Devlet bütçesinden belediyelere katkı oranı yüzde 9,25 ama çok sayıda belediye batık ve sürdürülebilir değil… Bu rakkam yüzde 6 olduğu dönemlerde durum bu kadar vahim değildi. Demek ki belediyelerde sürdürülebilirlik sorunu sadece devlet katkısını artırmak ile olası değil, belediyelerin ‘iyi gelir yönetimi - akıllı gider yönetimi’ yapması ile ilgilidir. Bunun uygulanmasının koşulları, ceza ve ödülle birlikte yaratılmadıkça, devlet katkısı olsun, harçlar olsun, belediyelerin diğer ve yeni gelirleri olsun, ne kadar artırılırsa artırılsın, ‘Batık Belediye -Sürdürülemez yapı’ nitelemeleri son bulmayacak. Bunun için de birincil derecede sorumlu olan müştereken ve müteselsilen, belediye başkanı ve meclis üyeleridir.
İşte bu noktada, belediyelerin iç murakabe için dışardan murakkıp hizmeti almasını düzenlemek iki defa düşünülmelidir. Daha geçen gün Başbakan ile ikili tartışma programına çıkan Ersin Tatar, muhasebe-murakabe bürolarının özel sektör bilançolarını işverenin arzusu doğrultusunda hallettiğini söyledi… Ve belediye başkanlarının belediye yönetimindeki yetkileri düşünüldüğünde, dış murakabenin ona yetkileri yanında nasıl bir hareket kabiliyeti kazandıracağını da düşünmekte fayda var. Belediye başkanlarının iç murakabesi, görev ve yetkilerinde etkinleştirilmiş belediye meclisleri olmalıdır. Ve belediye meclis üyelerinin her karardan yasalar karşısında sorumlu olduğu da meclis toplantı odasının duvarlarına iri harflerle yazılmalıdır… Başkan da görsün, meclis üyeleri de bilsin…

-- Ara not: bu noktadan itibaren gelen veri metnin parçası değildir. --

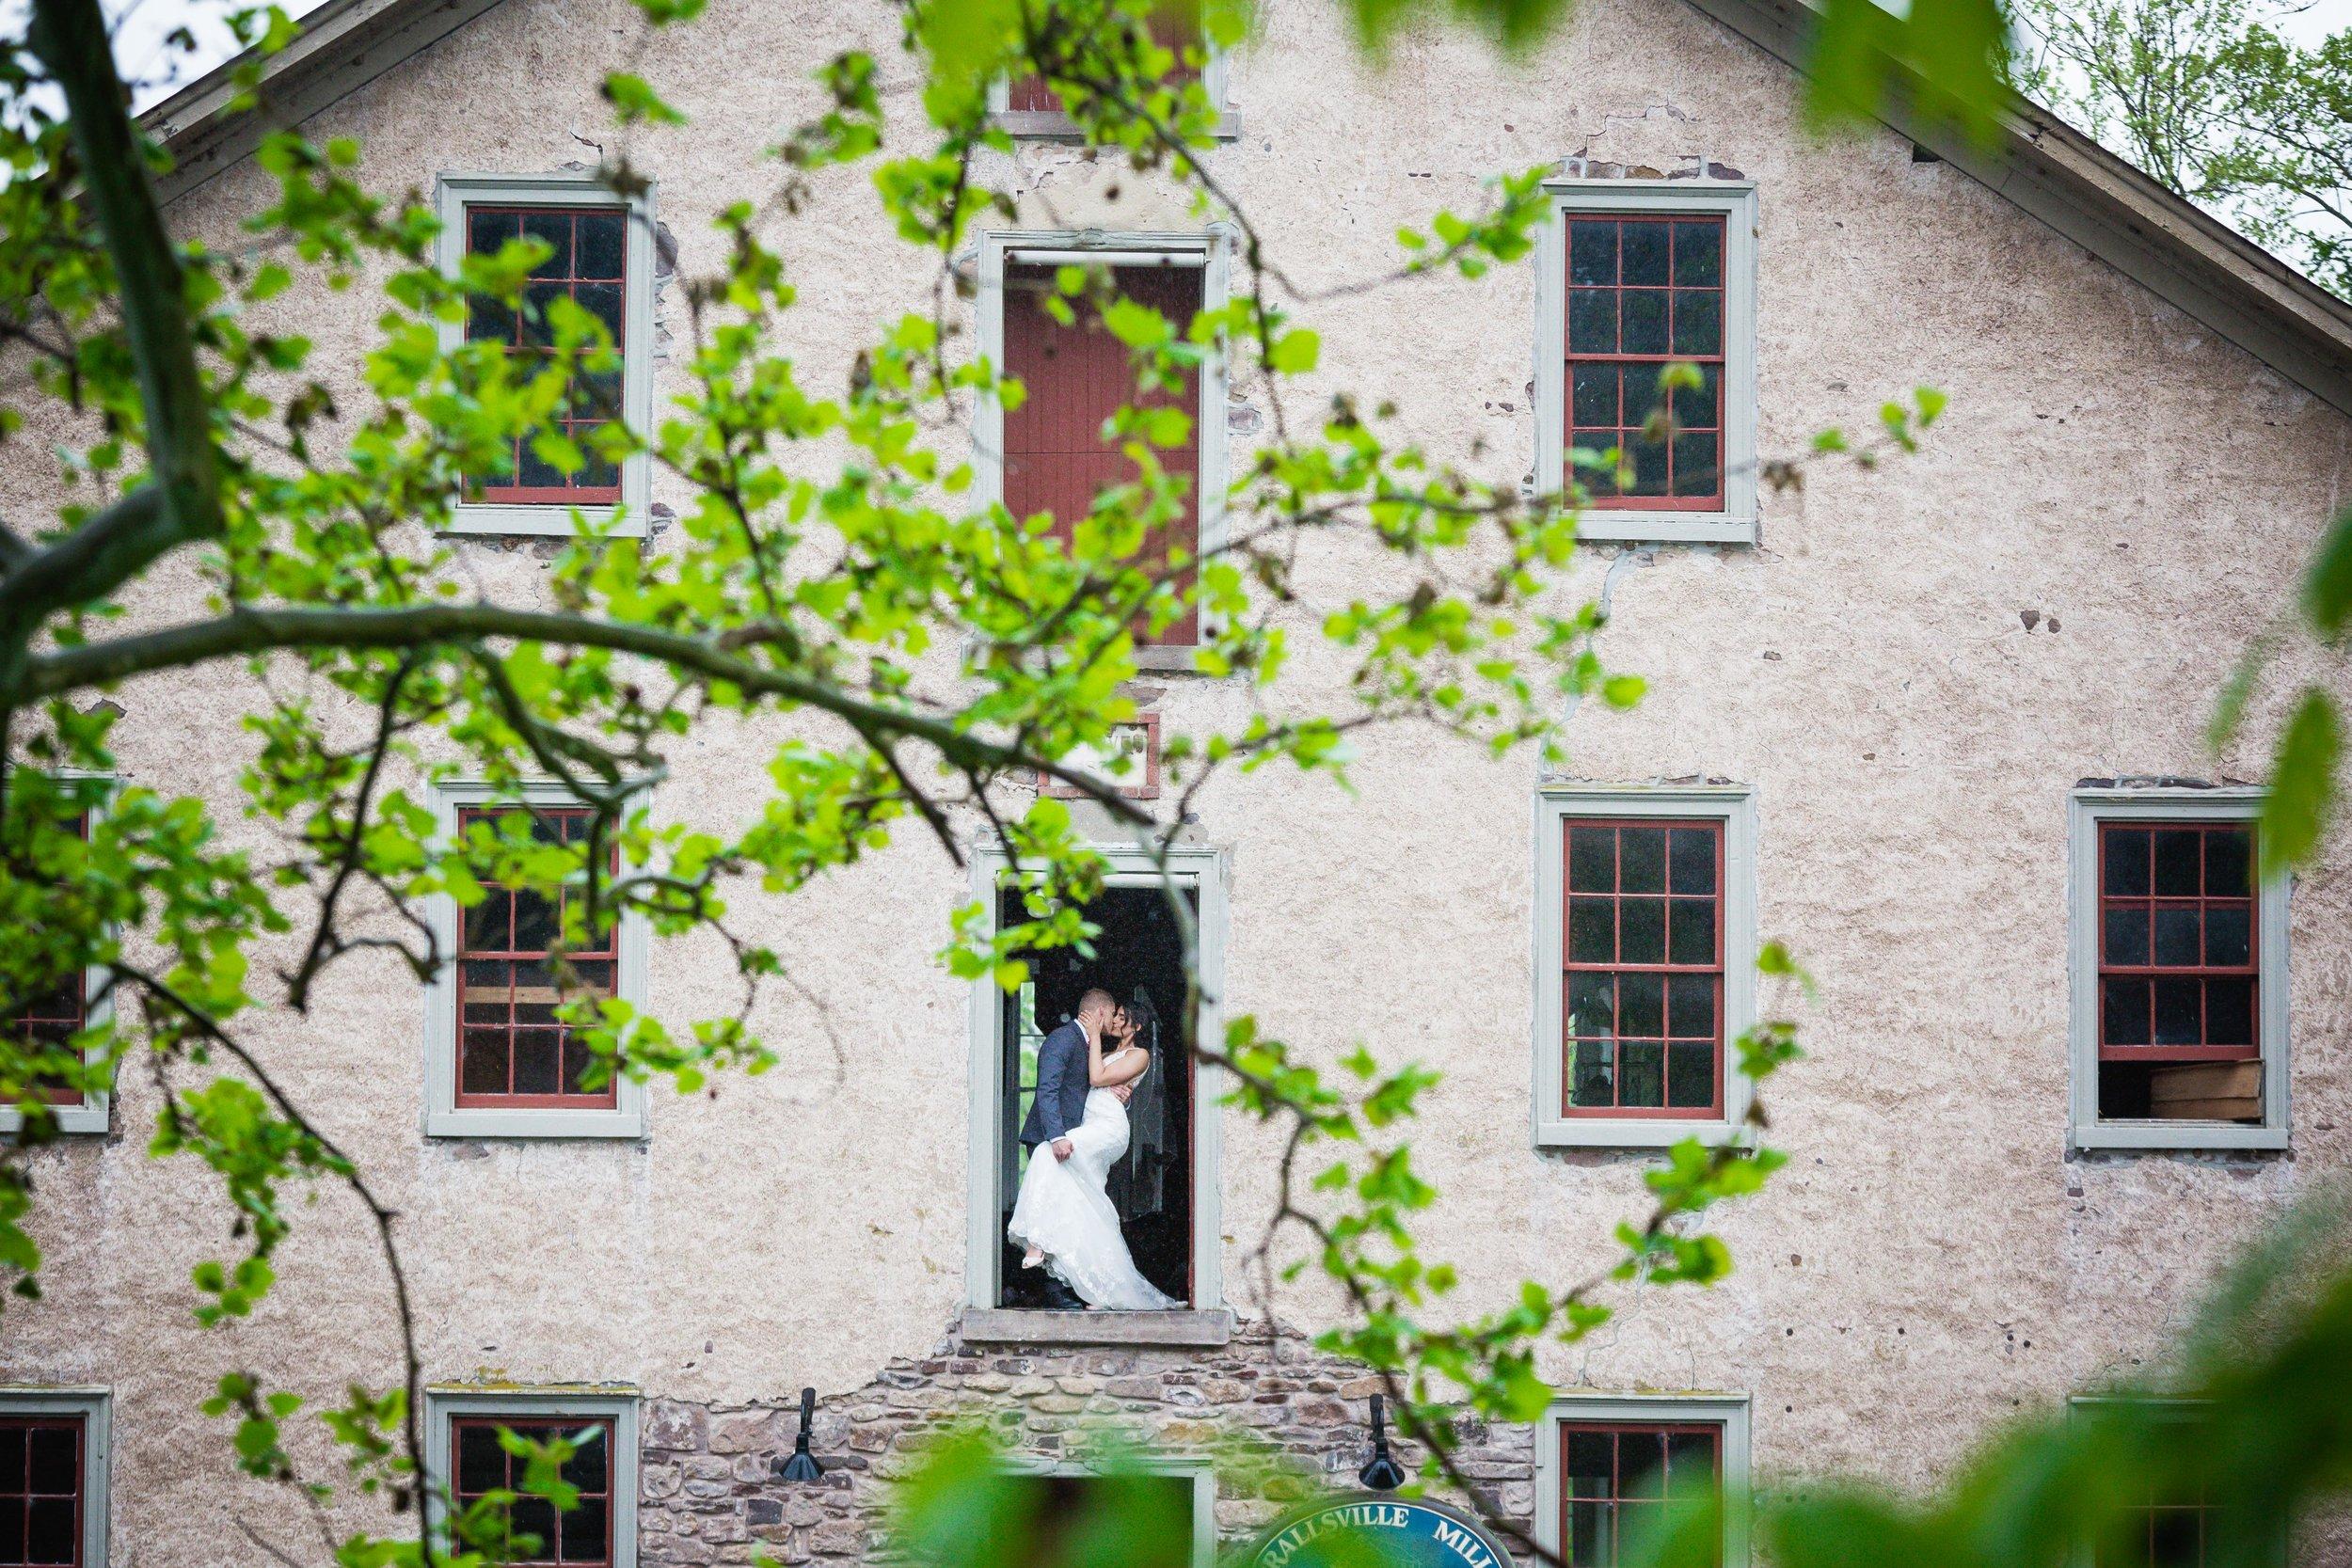 PRALLISVILLE MILLS NEW HOPE WEDDING PHOTOGRAPHY-88.jpg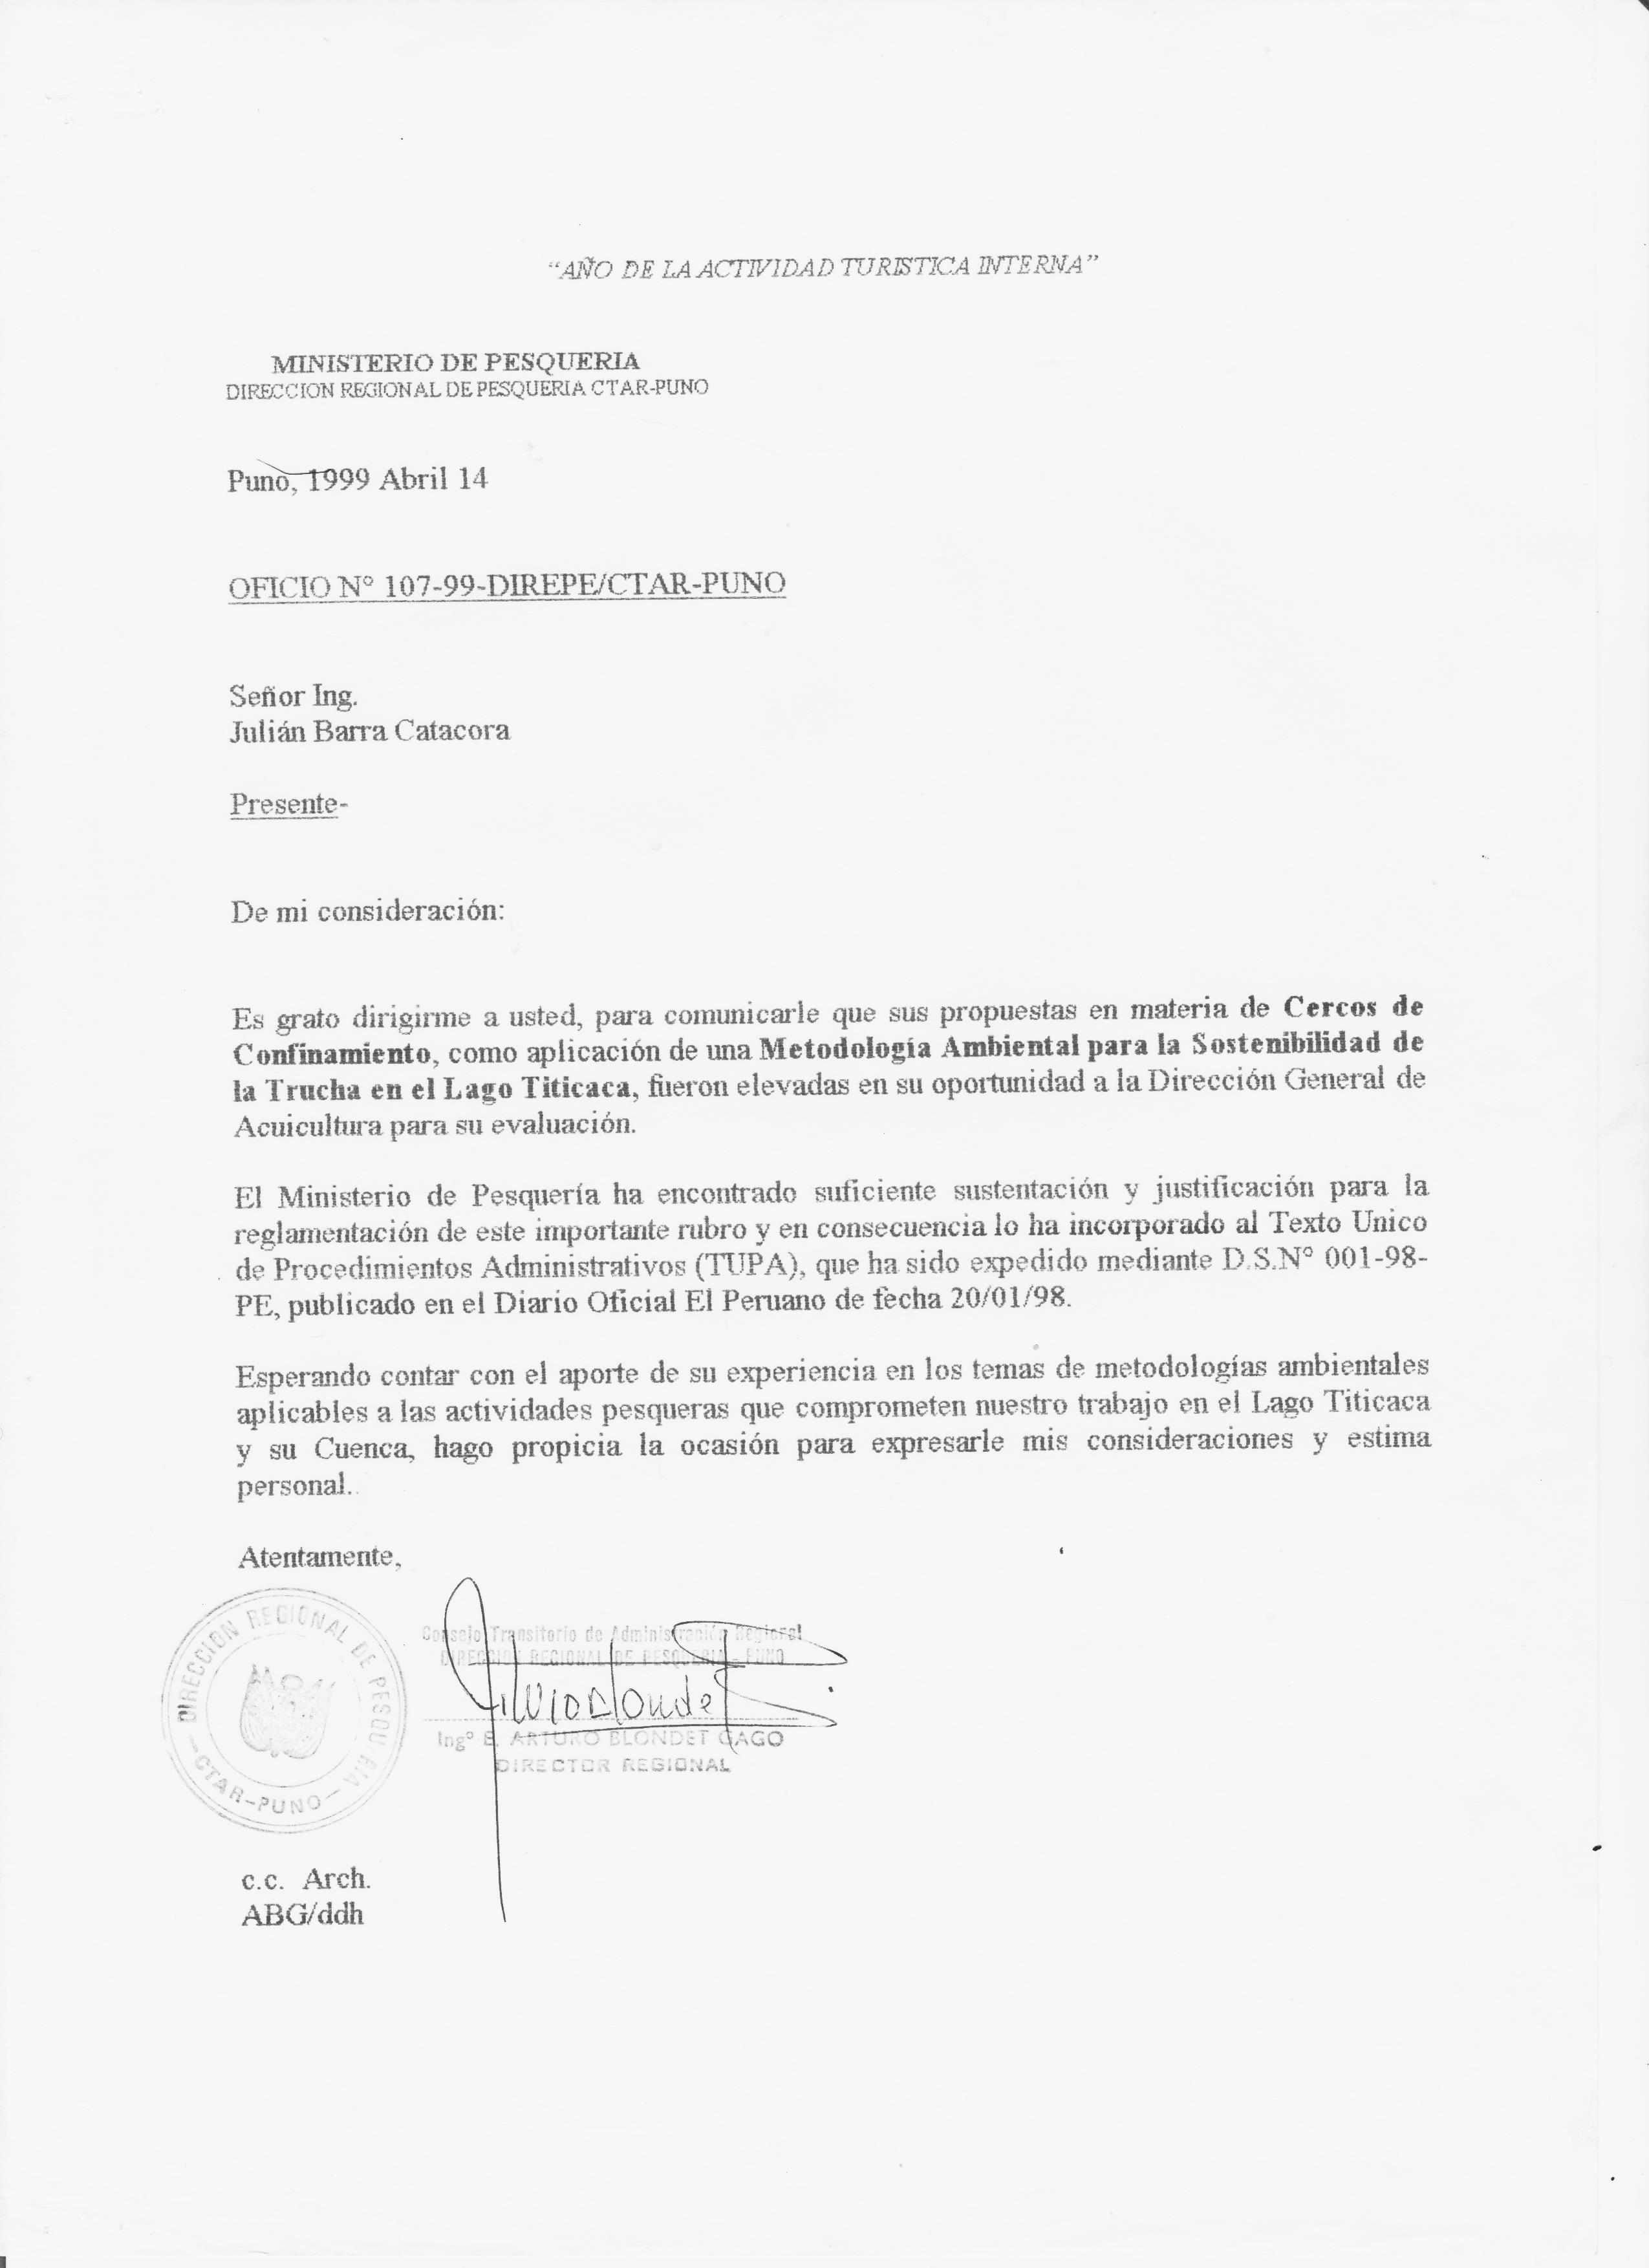 Curriculum - Ing. Julián Barra Catacora

Devlet katkı payının belde nüfusuna dayalı düz ve tek oran olması da aslında haksızlık içeriyor. Nüfusa dayanan bir asgari oran olsun ama ona ek olarak da beldede kilometrekareye düşen kişi sayısına dayanan bir ek oran da olsun. Yoğun yerleşim yerlerinde belediye hizmetleri daha verimli ve ekonomik olabiliyor; nüfus yoğunluğu düşük olan yerlerde hizmet maliyeti yüksektir. Bir de, topoğrafyası engebeli olan beldelerin belediyelerine ilave bir destek olmasında yarar vardır. Bu belediyelerde hizmet maliyeti daha da yüksek olur. Örneğin, bu beldelerde kanalizasyon yapmak maliyeti, çok sayıda ara pompalama istasyonları gerektireceği için daha yüksek olur. Yani, nerdeyse tepsi gibi düz alan olan Değirmenlik Belediyesi bölgesinde kanalizasyon yapmanın birim maliyeti, tepelik Lapta Belediyesi bölgesinde yapmaktan daha ucuz olacaktır. Dolayısıyla, devlet katkı payının dağılımında yeni ölçütlendirmelere ihtiyaç vardır.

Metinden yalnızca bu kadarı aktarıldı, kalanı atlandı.